ASSIGNMENT:
Take the lines below beginning at the line that has "Nmd Adidas Argentina" and stopping after the line that has "erotic babe wallpaper pack", and print them exactly as they are, with no other lines.

SUPPLIED MATERIAL:
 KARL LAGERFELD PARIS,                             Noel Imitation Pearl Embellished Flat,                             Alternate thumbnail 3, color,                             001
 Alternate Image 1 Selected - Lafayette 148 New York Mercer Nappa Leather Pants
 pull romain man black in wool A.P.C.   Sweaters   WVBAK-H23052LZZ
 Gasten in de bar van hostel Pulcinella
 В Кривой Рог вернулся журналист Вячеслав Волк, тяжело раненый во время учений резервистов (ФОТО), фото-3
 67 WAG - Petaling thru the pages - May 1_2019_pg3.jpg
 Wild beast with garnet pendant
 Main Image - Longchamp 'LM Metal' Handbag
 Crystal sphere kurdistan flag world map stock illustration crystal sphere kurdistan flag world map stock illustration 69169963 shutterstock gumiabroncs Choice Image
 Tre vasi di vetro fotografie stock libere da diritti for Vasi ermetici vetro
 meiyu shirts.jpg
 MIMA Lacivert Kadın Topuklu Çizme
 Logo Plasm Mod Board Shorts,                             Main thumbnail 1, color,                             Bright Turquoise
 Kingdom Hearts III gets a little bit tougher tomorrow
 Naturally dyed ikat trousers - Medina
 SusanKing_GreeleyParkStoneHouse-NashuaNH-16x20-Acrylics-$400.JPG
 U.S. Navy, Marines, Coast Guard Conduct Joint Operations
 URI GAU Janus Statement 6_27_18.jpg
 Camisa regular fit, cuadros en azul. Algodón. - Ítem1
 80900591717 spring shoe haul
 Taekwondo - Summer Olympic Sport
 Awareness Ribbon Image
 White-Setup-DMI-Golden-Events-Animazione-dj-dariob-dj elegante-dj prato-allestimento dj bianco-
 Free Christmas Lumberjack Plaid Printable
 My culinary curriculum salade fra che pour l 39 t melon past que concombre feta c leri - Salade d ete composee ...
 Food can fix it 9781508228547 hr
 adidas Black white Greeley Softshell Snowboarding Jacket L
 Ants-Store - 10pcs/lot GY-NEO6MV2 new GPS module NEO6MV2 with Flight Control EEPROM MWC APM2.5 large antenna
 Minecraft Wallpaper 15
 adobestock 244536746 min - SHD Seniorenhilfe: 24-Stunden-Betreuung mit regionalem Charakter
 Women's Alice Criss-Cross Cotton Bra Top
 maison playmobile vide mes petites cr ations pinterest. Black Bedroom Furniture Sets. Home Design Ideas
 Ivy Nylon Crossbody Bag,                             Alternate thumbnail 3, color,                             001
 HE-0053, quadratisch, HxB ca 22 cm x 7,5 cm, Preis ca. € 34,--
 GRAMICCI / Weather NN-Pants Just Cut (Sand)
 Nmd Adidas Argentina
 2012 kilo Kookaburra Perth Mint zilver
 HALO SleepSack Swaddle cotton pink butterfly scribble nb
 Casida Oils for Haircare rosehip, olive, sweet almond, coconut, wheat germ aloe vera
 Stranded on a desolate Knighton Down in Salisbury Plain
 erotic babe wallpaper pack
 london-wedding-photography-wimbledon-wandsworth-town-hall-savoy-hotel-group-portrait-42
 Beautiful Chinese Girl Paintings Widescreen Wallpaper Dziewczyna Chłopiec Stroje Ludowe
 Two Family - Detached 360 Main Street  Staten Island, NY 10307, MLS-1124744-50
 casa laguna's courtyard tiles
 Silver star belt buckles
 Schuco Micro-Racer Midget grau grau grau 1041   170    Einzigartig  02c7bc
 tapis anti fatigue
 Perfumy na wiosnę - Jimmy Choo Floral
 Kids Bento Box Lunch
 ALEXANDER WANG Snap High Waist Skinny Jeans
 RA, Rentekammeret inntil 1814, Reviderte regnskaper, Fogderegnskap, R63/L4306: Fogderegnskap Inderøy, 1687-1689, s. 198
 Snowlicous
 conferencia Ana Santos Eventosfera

RESULT FOR THIS EXERCISE:
 Nmd Adidas Argentina
 2012 kilo Kookaburra Perth Mint zilver
 HALO SleepSack Swaddle cotton pink butterfly scribble nb
 Casida Oils for Haircare rosehip, olive, sweet almond, coconut, wheat germ aloe vera
 Stranded on a desolate Knighton Down in Salisbury Plain
 erotic babe wallpaper pack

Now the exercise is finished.